Une étude menée par des chercheurs de l’Université du Queensland a révélé que des enfants participent régulièrement à des activités sportives.s dès le plus jeune âge aura mieux santé mentale à long terme.
Professeur agrégé Asad Khan de l’UQ L’École des sciences de la santé et de la réadaptation a dirigé l’étude, qui a analysé les données de plus de 4 200 enfants australiens sur une période d’un an. période de huit ans du Étude longitudinale des enfants australiens.
La participation régulière à des sports dès l’enfance est associée à un meilleur bien-être mental chez les adolescents.
Nos recherches ont porté sur les bienfaits des sports d’équipe comme le football, le cricket ou le netball, et des sports individuels comme le karaté, le tennis ou la gymnastique.
Nous avons constaté qu’il y avait un impact positif sur la santé mentale quel que soit le type de sport, mais les enfants qui jouaient en équipe en bénéficiaient davantage.
Cela pourrait être dû aux aspects sociaux impliqués, comme le fait d’être entouré de pairs solidaires, les opportunités de nouer des amitiés et de travailler vers un objectif de collaboration. »
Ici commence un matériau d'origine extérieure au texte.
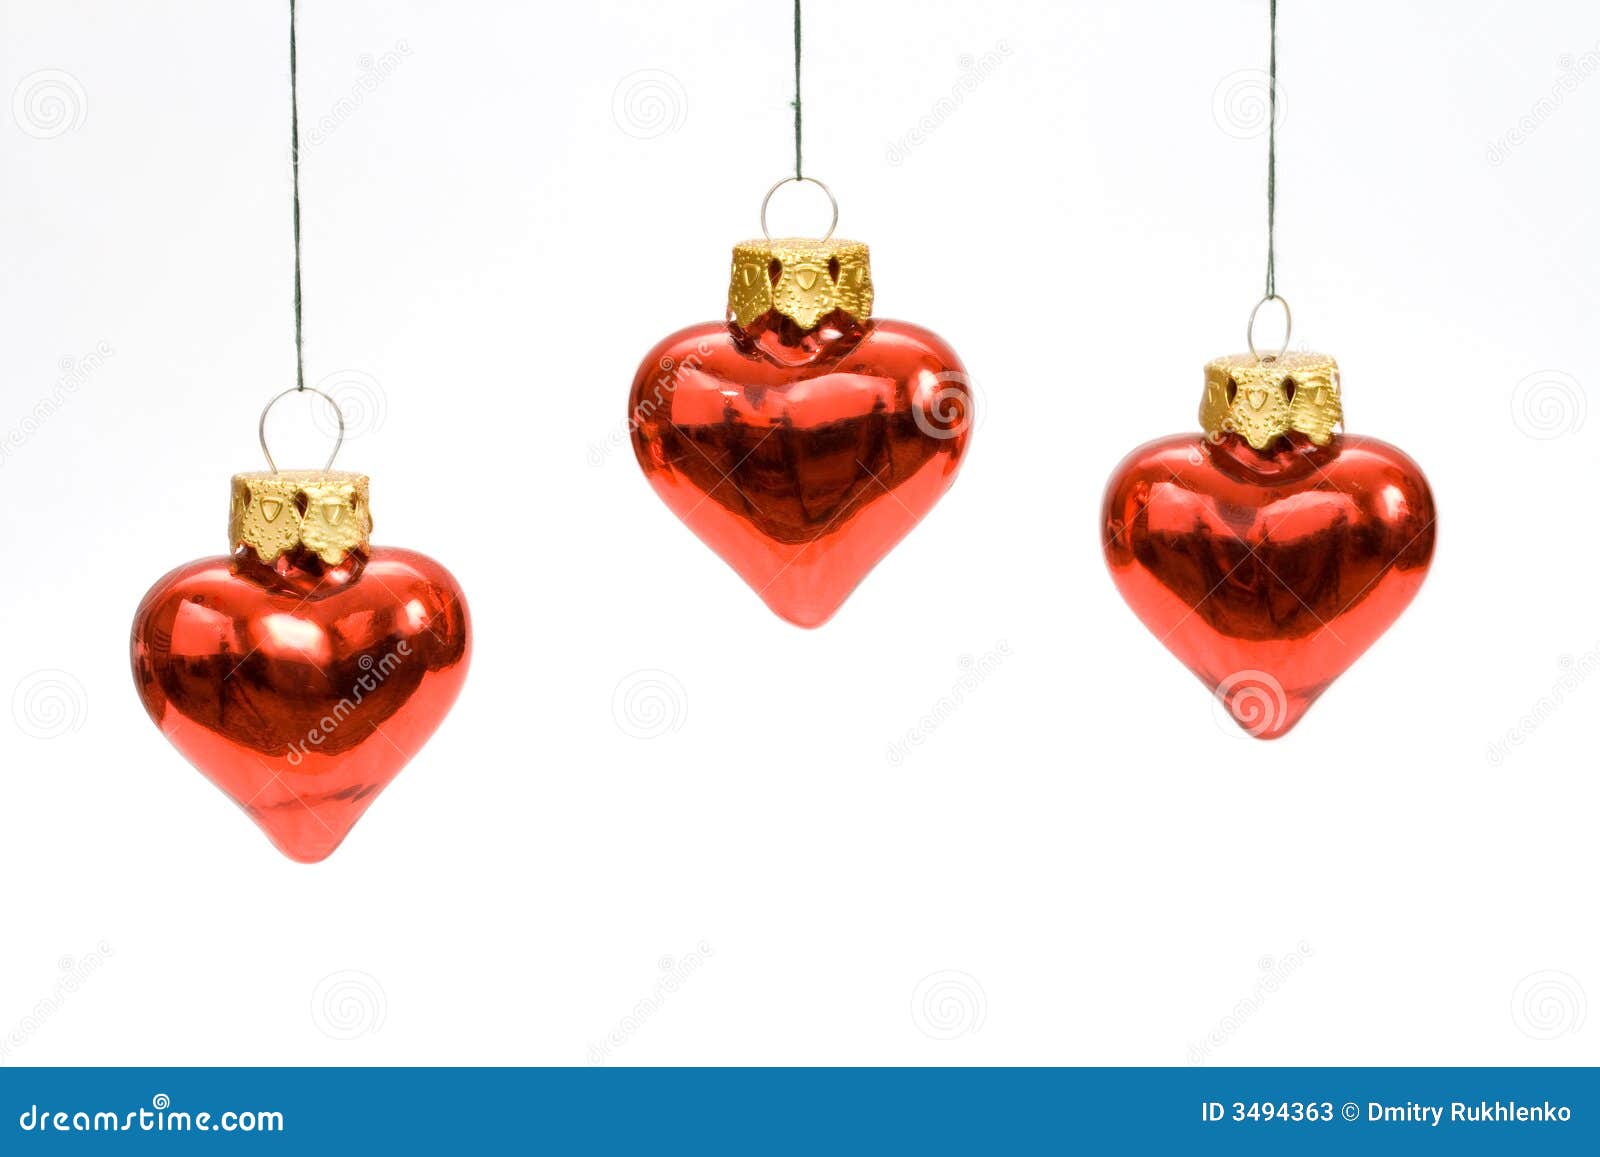 Hangend rood gevormd hart drie. Drie hangende rode hart gevormde snuisterijen van Kerstmis die op wit worden geïsoleerde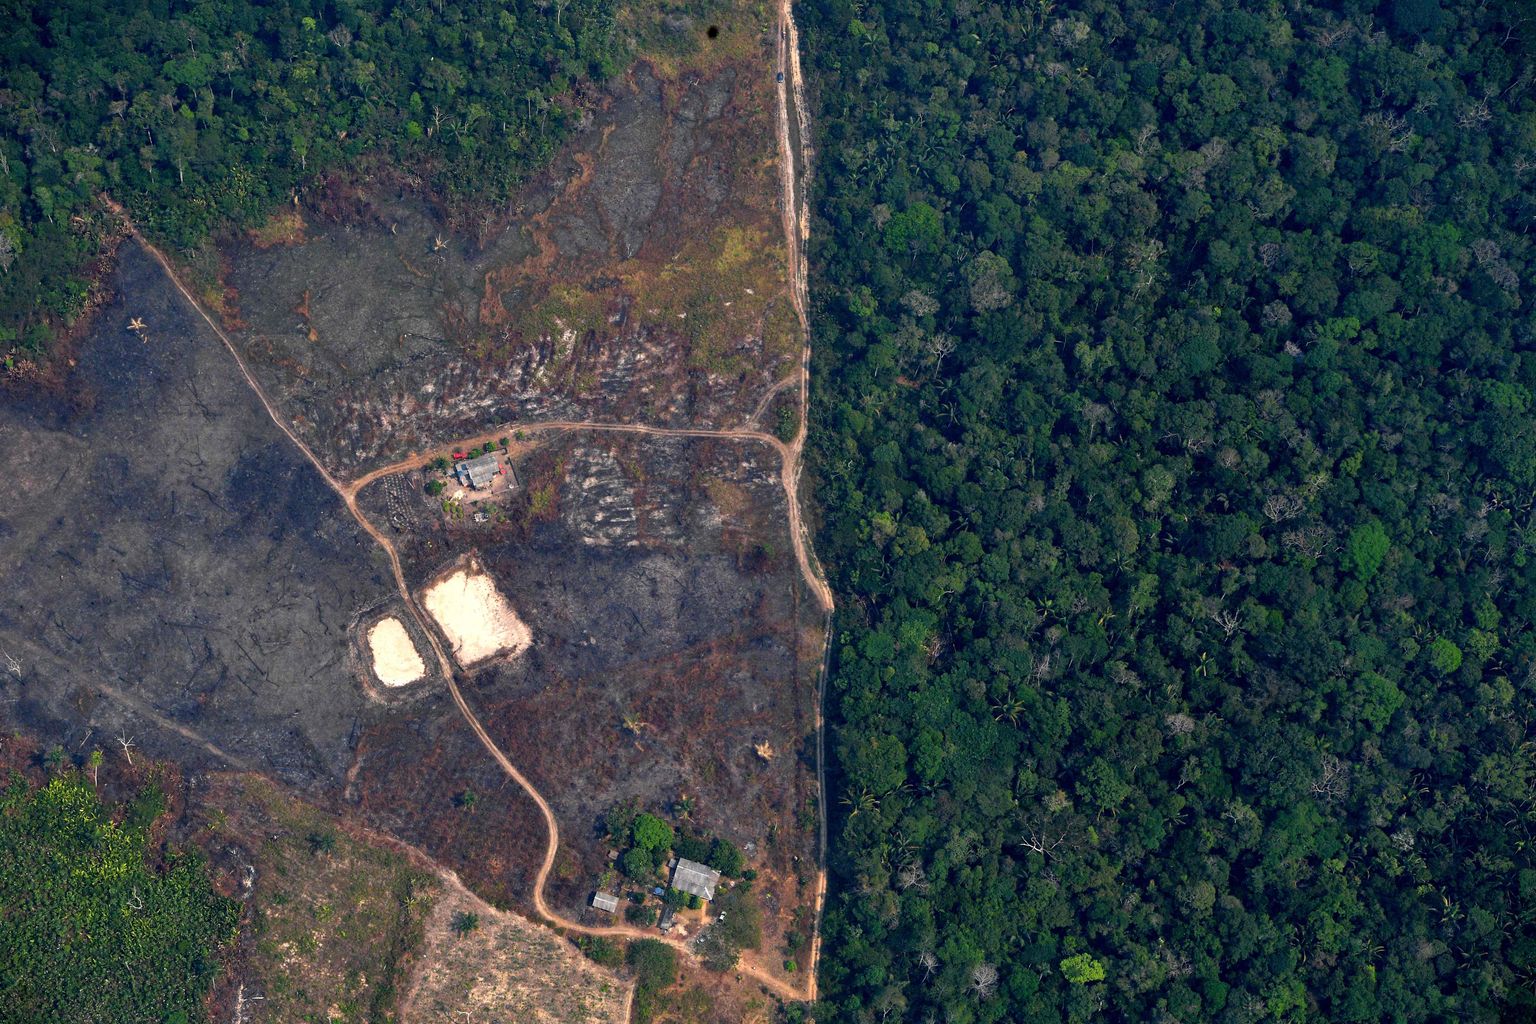 Metsatustatud ala Amazonase vihmametsas Brasiilia põhjaosas 23. augustil 2019 tehtud fotol. Inimtegevuse sekkumine hõimualadel võib endaga kaasa tuua ökoloogilise tasakaalutuse ning vallandada sügaval metsades paiknevate haiguste leviku.

Dr Asad Khan, professeur agrégé, École des sciences de la santé et de la réadaptation de l’UQ
Selon l’Institut australien de la santé et du bien-être, environ 14 pour cent des enfants âgés de quatre à 11 ans souffrent d’un trouble mental en Australie, les garçons étant généralement plus touchés que les filles.
La recherche a révélé que les enfants qui internalisent leurs émotions et qui ont des difficultés à socialiser avec leurs pairs bénéficient grandement de la pratique du sport en équipe.
Le Dr Khan a déclaré que même si les résultats ont montré des résultats positifs pour les garçons et les fillesil faut faire davantage pour encourager les filles à s’impliquer dans les sports d’équipe, en particulier à un plus jeune âge.
« À l’âge de six et sept ans, vers 59 pour cent des garçons participaient à des sports d’équipe, contre seulement 26 pour cent des filles », a déclaré le Dr Khan.
« Nous avons constaté que les garçons qui pratiquaient des sports d’équipe éprouvaient moins de difficultés psychosociales et une meilleure qualité de vie en matière de santé, tandis que les avantages de la participation à des sports d’équipe étaient plus faibles chez les filles.
« Certaines raisons possibles expliquant le faible niveau d’implication des filles dans les sports d’équipe pourraient inclure le manque de confiance en soi et dans les capacités sportives, ou le stéréotype courant selon lequel les sports d’équipe sont une activité à prédominance masculine.
« Cela pourrait aussi être en raison de un manque d’opportunités pour les filles de participer à des sports d’équipe, ou un manque de diversité des sports proposés dans les écoles et les programmes parascolaires.
Le Dr Khan espère que la recherche éclairera les stratégies visant à promouvoir la participation sportive des enfants et permettra d’approfondir les recherches sur les raisons pour lesquelles les jeunes filles sont moins susceptibles de participer à des sports d’équipe.
La recherche est publiée dans le Journal de la santé des adolescents.